While the Irish scrum is going through a difficult period, you don't have to go back far to find a time when the Irish set-piece was rock solid.

The irony of the current situation is that the men who turned Ireland's scrum fortunes around in the previous decade are now the ones masterminding their downfall.

First it was John Plumtree who solidified Ireland's problems at the scrum in 2013, and when he left Greg Feek took over. By the time Feek departed his role in 2019, Ireland's scrum was one of the most consistent in the game.

Both men now wear All Blacks tracksuits, with Plumtree the forwards coach under Ian Foster, while Feek's work with Ireland saw him headhunted to work the same role in his native New Zealand.

And although both men had to sit out of the All Blacks' training camp last week having tested positive for Covid-19, they made Ireland pay at the scrum in Saturday's first Test in Auckland, with Andy Farrell's side winning just three of six on their own put-in.

Feek, in particular, was instrumental to the development of Tadhg Furlong, now among the very best tightheads in the game

"He's obviously had a huge influence for me, he's like 'Papa Scrums' to me," Furlong told RTÉ Sport about his relationship with his former coach, who he worked with for both province and country.

"I would have come through Leinster, he was scrum coach and transitioned to scrum coach in Ireland.
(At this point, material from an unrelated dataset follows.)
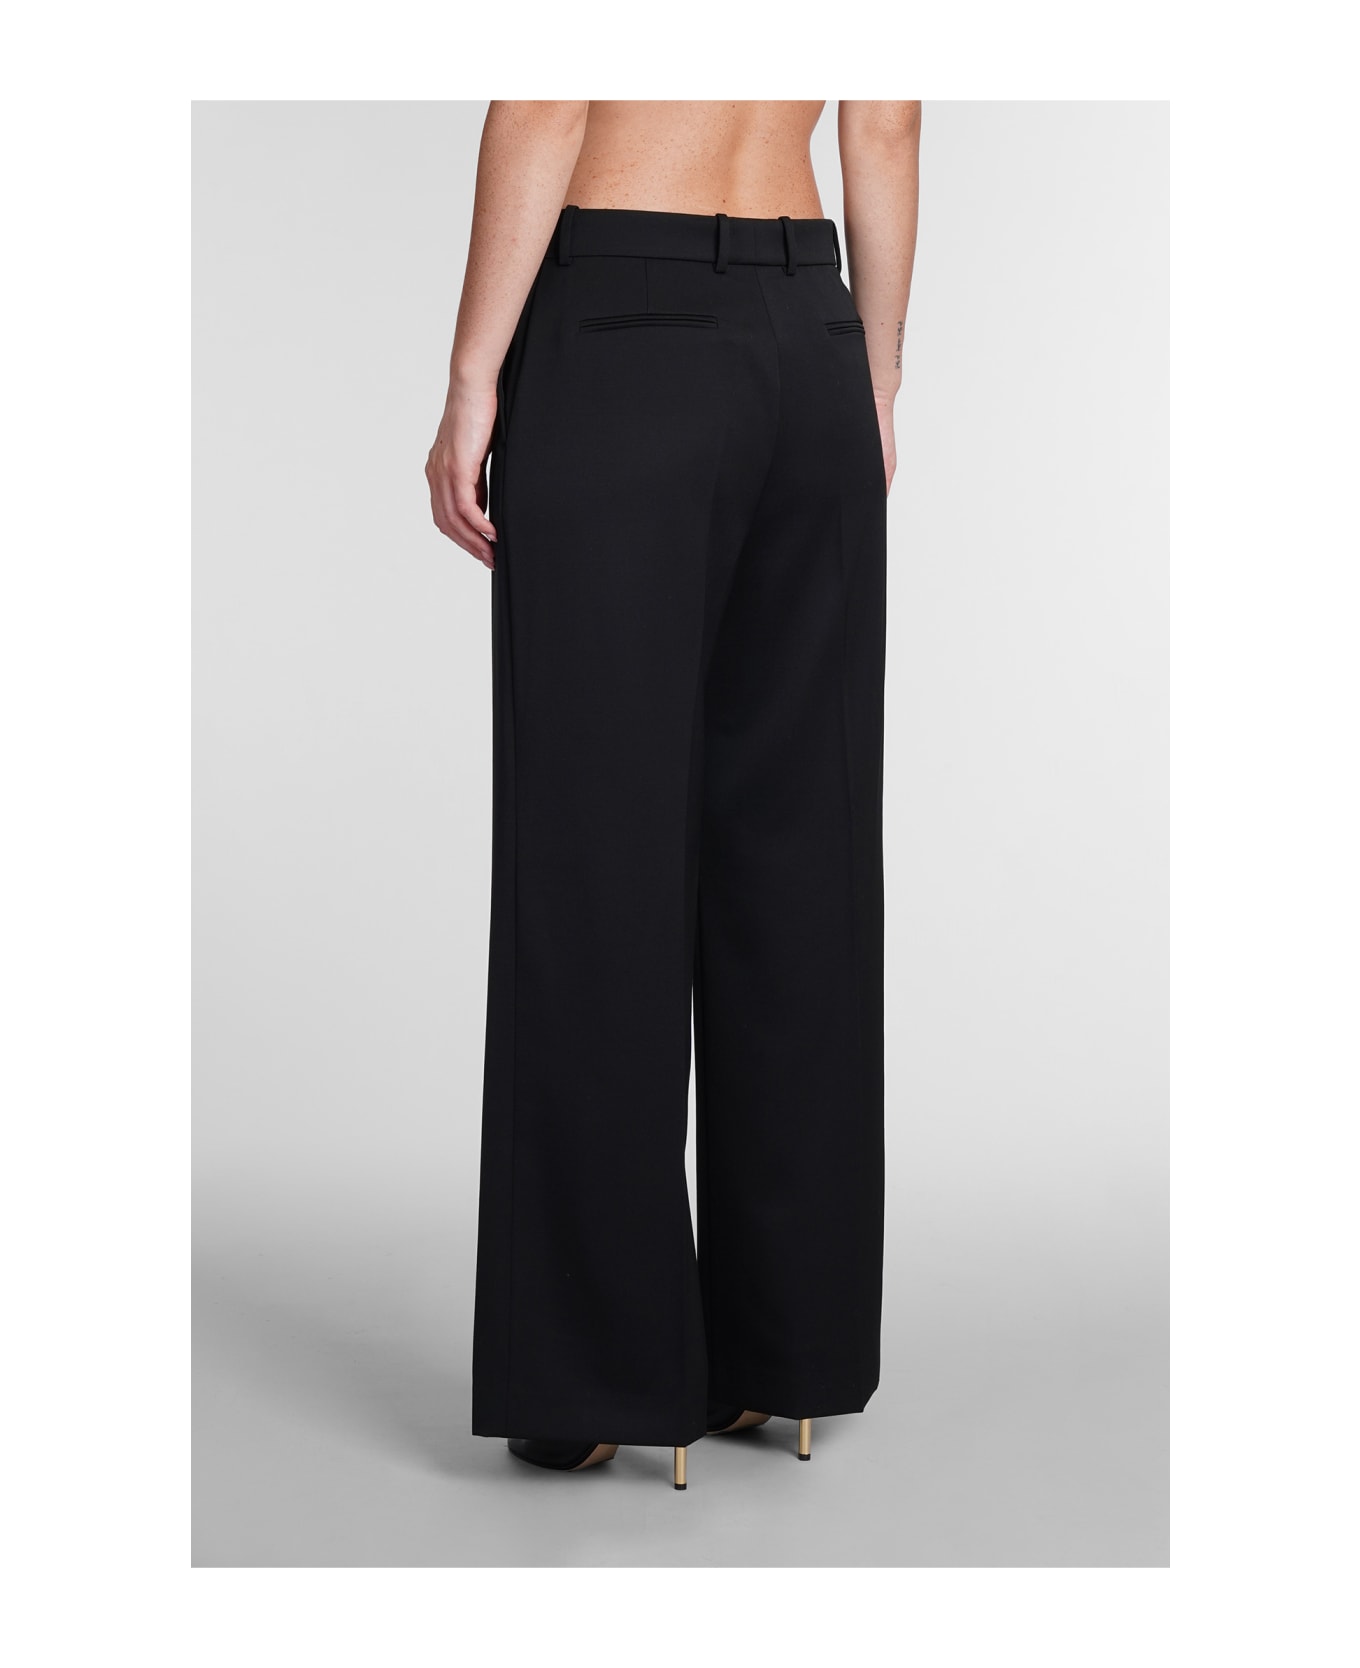 Lanvin High-waisted Wool Trousers - Black ボトムス

He's put a big body of work into me through developmental years.

"Obviously I have a huge amount of respect for him, and would share through knowing the man, and being taught by him, and discussions with him, a lot of the same ideas around the scrum."

Feek was Ireland's scrum coach from 2014 to 2019

Issues at the scrum have troubled both Ireland and Leinster in recent months, as they iron out the creases following Andrew Porter's switch from tighthead to loosehead.

But even with other personnel in place there have been issues, with Ireland struggling at the set-piece against England in the Six Nations when Porter was out injured, while last week an Ireland XV also struggled at scrum-time against the Maori All Blacks.

"It was average, I would have said," Furlong added, when asked about their scrummaging in the first Test.

"We coughed up three in the game, it's a big area of the game, the area where we're looking at and trying to get batter at."

"You see the All Blacks, when they got a few chances, first and second phase, gone, seven points. It's a massive part of the game, being clinical with the opportunities you get, because it's Test match rugby and it's hard to create opportunities, so when you get them it's important to take them."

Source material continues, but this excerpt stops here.